Nat nodded, vigorously. “He’s that tall he has to duck his head to come in at the door.”

“There! I’ll be bound he’s the man I’m looking for, Nat. I’ve the best of news for him. Mr. Tallant will call it lucky that I found you. He’s at your mother’s house, you say?”

“Yes, sir. He was in the kitchen readin’ the paper when I left the house.”

“Then here’s a shilling for you, to show us the way there.”

Meanwhile, at Garth’s house I had taken my newspaper and climbed the stairs to our attic room, now warmed a little by the midday sun. Lying on my bed, I glanced idly through the news. Presently I laid the paper aside and fell into a doze.

I was awakened from my nap by the sound of loud voices and of a violent struggle in the room below. For a moment I lay bewildered; then I heard heavy footsteps coming up the stairs at a run. I started up, still half asleep, as the door burst open and three men rushed into the room, pistols in their hands. One of them, I felt pretty sure, was Baxter.

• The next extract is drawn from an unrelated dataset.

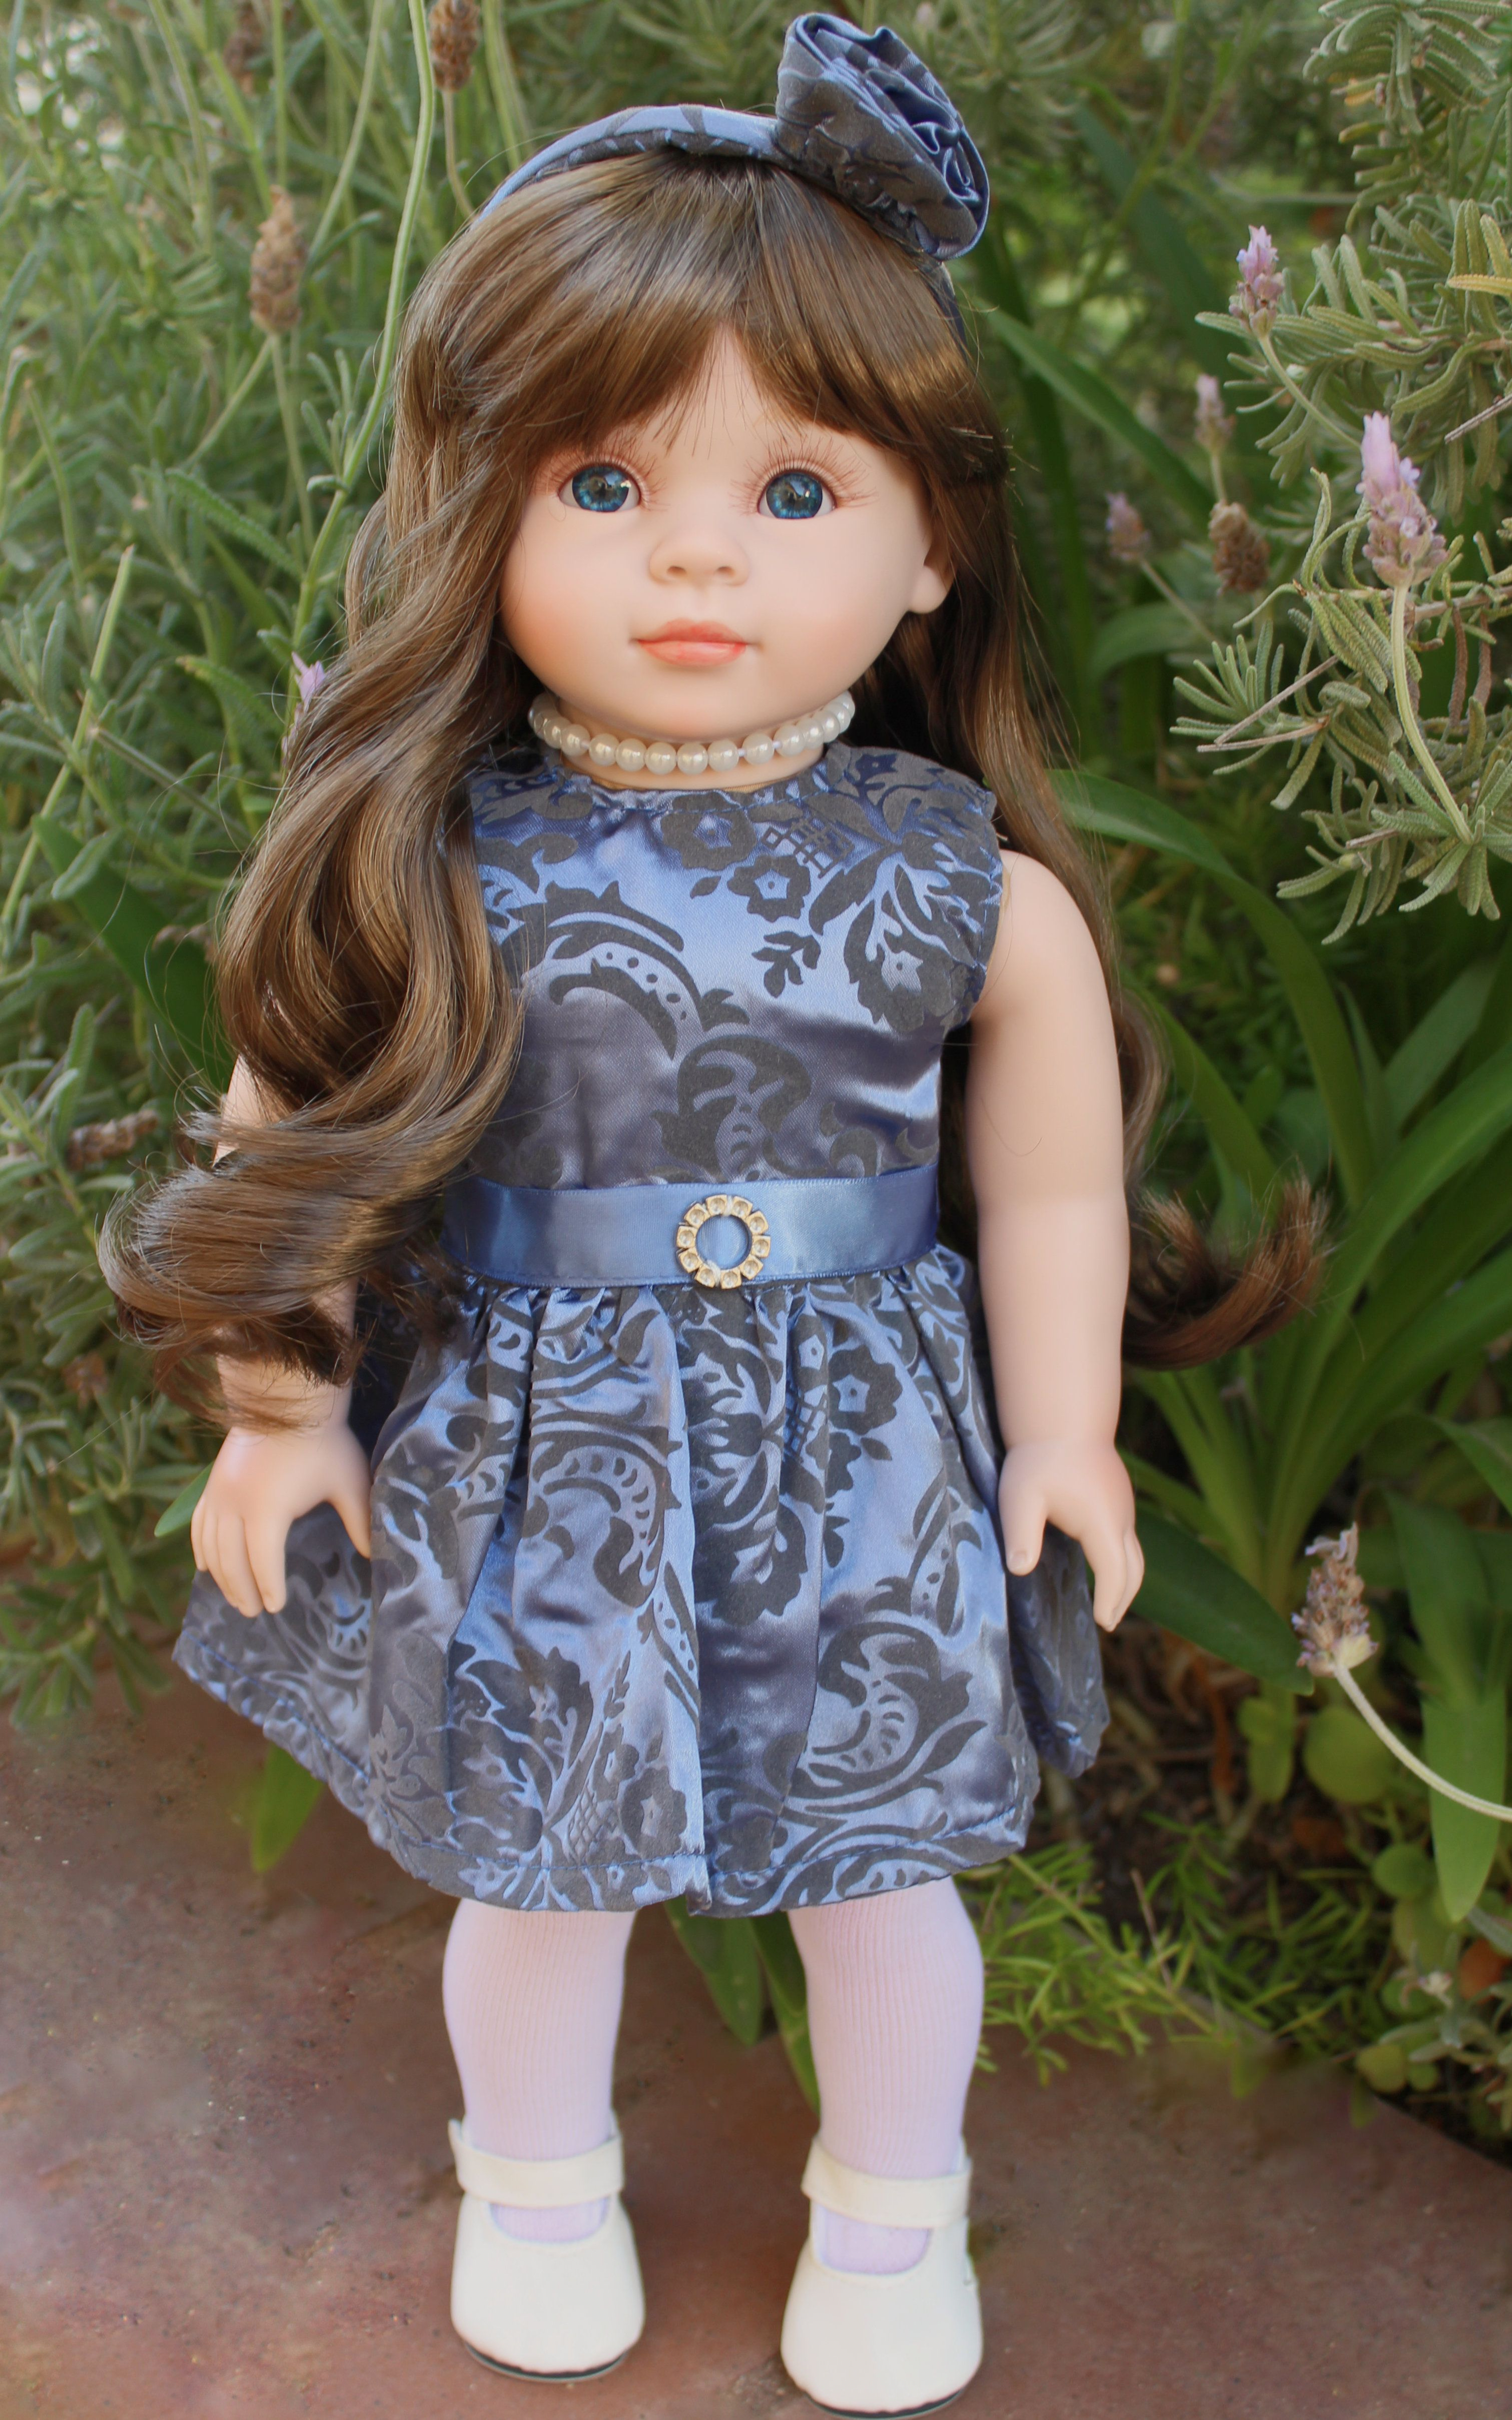 HARMONY CLUB DOLLS 18 Inch Dolls. 18 inch Doll Clothes. Fits the American Girl Doll. Visit our doll store at www.harmonyclubdolls.com

“Surrender, in the King’s name!” he ordered.

One of his companions seized my useless arm and gave it such a wrench that, heedless of the pistols, I swung about and gave him a heavy blow on the jaw. He went down with a crash; the pistol flew out of his hand and was discharged as it struck the floor. At the same instant I received such a blow on the head, from behind, that I was knocked senseless; when I came round I was lying on my bed, bound hand and foot. The sunlight of midafternoon streamed into the small window. Baxter was sitting on Tom’s bed, a pistol in his hand, his bag of guineas beside him, and two of his men stood in the doorway.

“Headache, Tallant?” he asked. “They’ll cure that for you in Newgate.”